Кирилл перекинул ногу через скамейку, вскочил и стал в ту устрашающую позу, которая, вероятно, лучше всего ограждает права личной жизни, но овладел собою и даже усмехнулся:

— Если сознаться, самое приятное из этих занятий как раз — Липки.

Все засмеялись, но Кирилла не утешил холодный душ, которым он окатил сам себя, и он сказал насупленно, точно обойдённый супруг:

— Нам уже пора, Лиза.

Он не хотел слышать приглашений на дачу к Цветухину, он твердил тем упрямее, чем больше колебалась Лиза: нам пора, нам пора. Кумыс был давно выпит, с татарчонком расплатились и пошли через поляну, — впереди Цветухин и Лиза.

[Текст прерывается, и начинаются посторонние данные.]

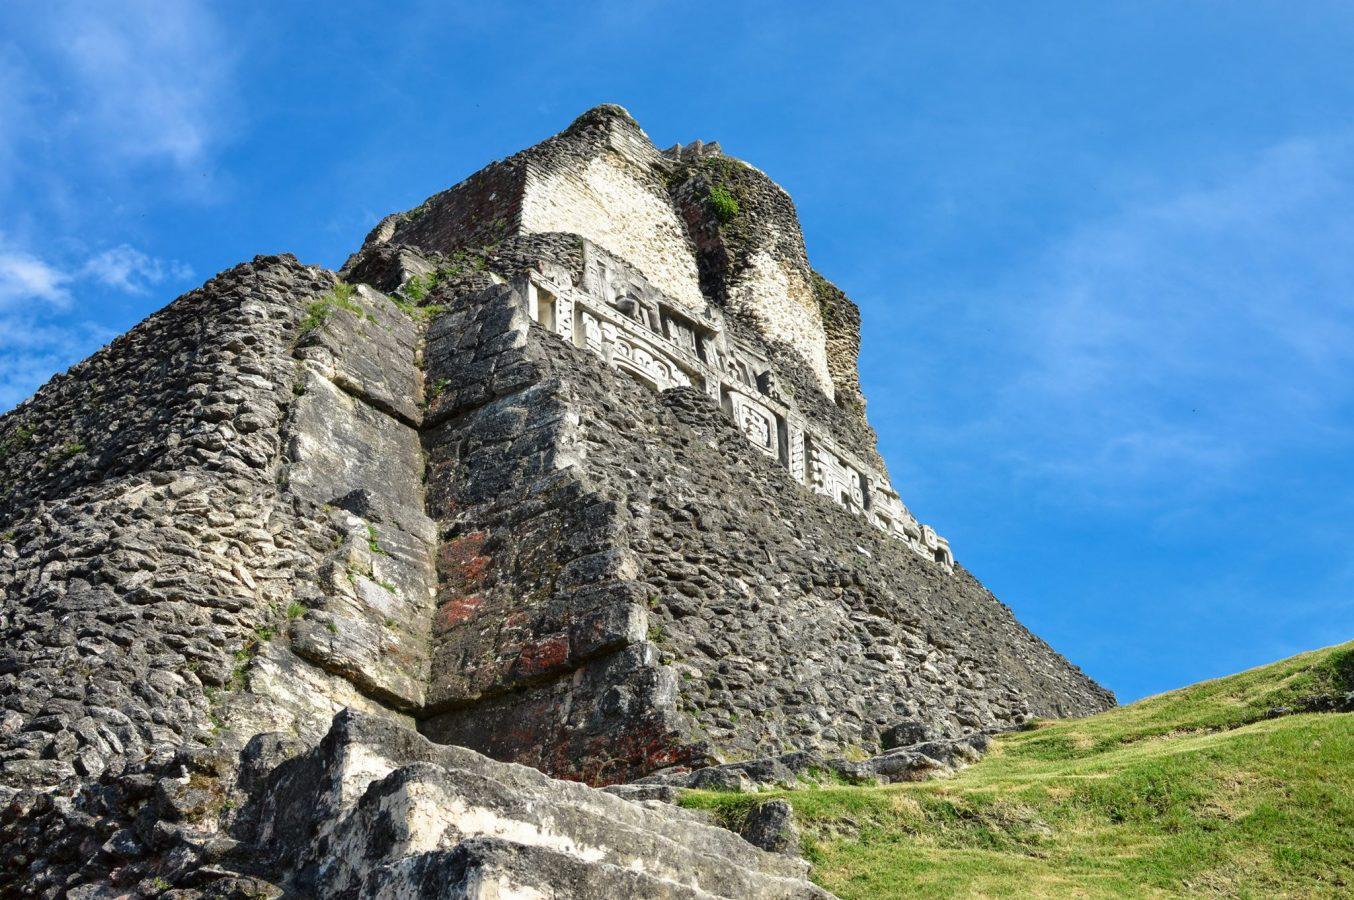 Visit Belize in Autumn
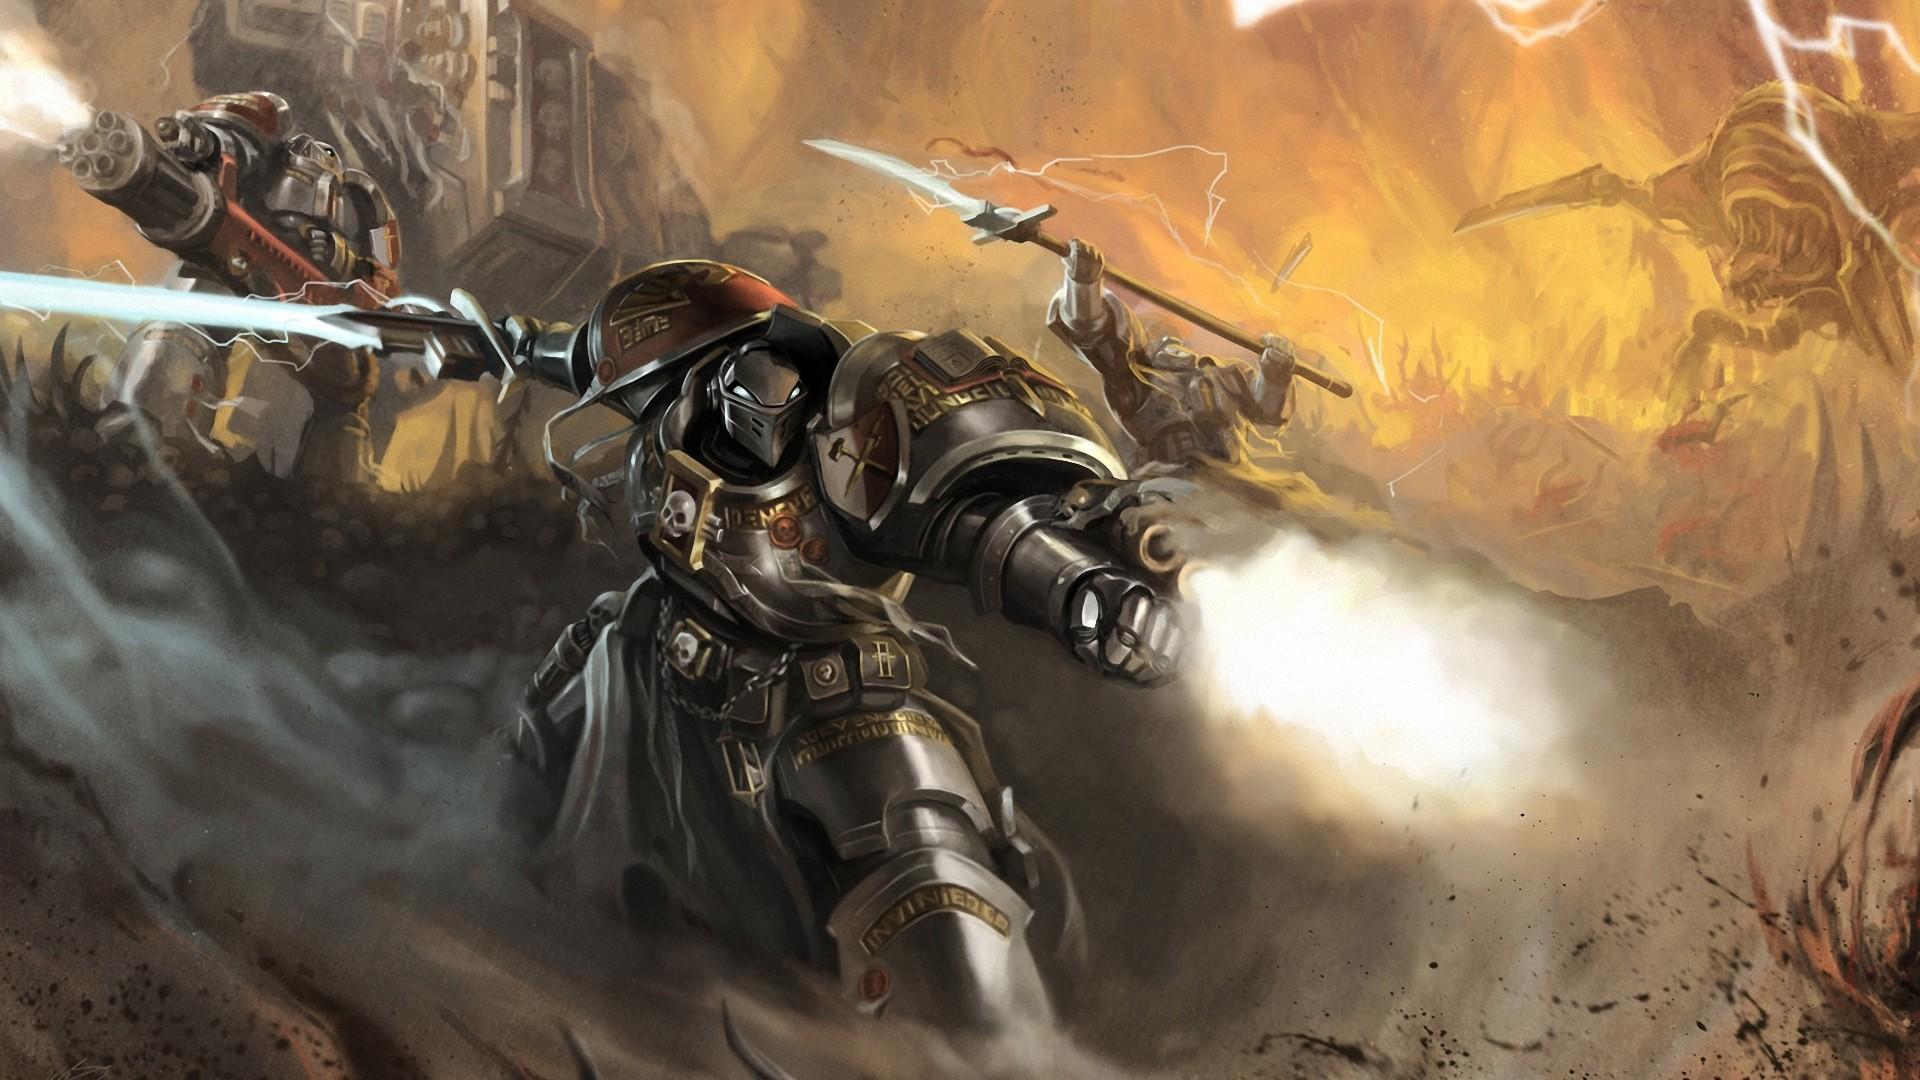 Preview wallpaper okita, warhammer 40k, space marines, robot, weapon, sword,

Пастухов, сощипывая и растирая в пальцах прошлогодние султанчики конского щавеля, говорил, пожалуй, больше для себя:

— То, что я прежде называл волей, теперь мне кажется отчаянием молодости. Это — смелость, которая рождается тоской о недостижимой, лучшей доле, когда опостылит все вокруг своей ложью и хочется либо все бросить и бежать без оглядки, либо все переломить. Поступки, совершаемые в такие моменты, имеют вид волевых. Но в действительности они именно отчаянные. Безответственные перед собою и перед людьми. И юные годы именно такой безответственностью и хороши. О ней-то и вспоминает с грустью обременённый ответственностью, порабощённый долгом взрослый человек.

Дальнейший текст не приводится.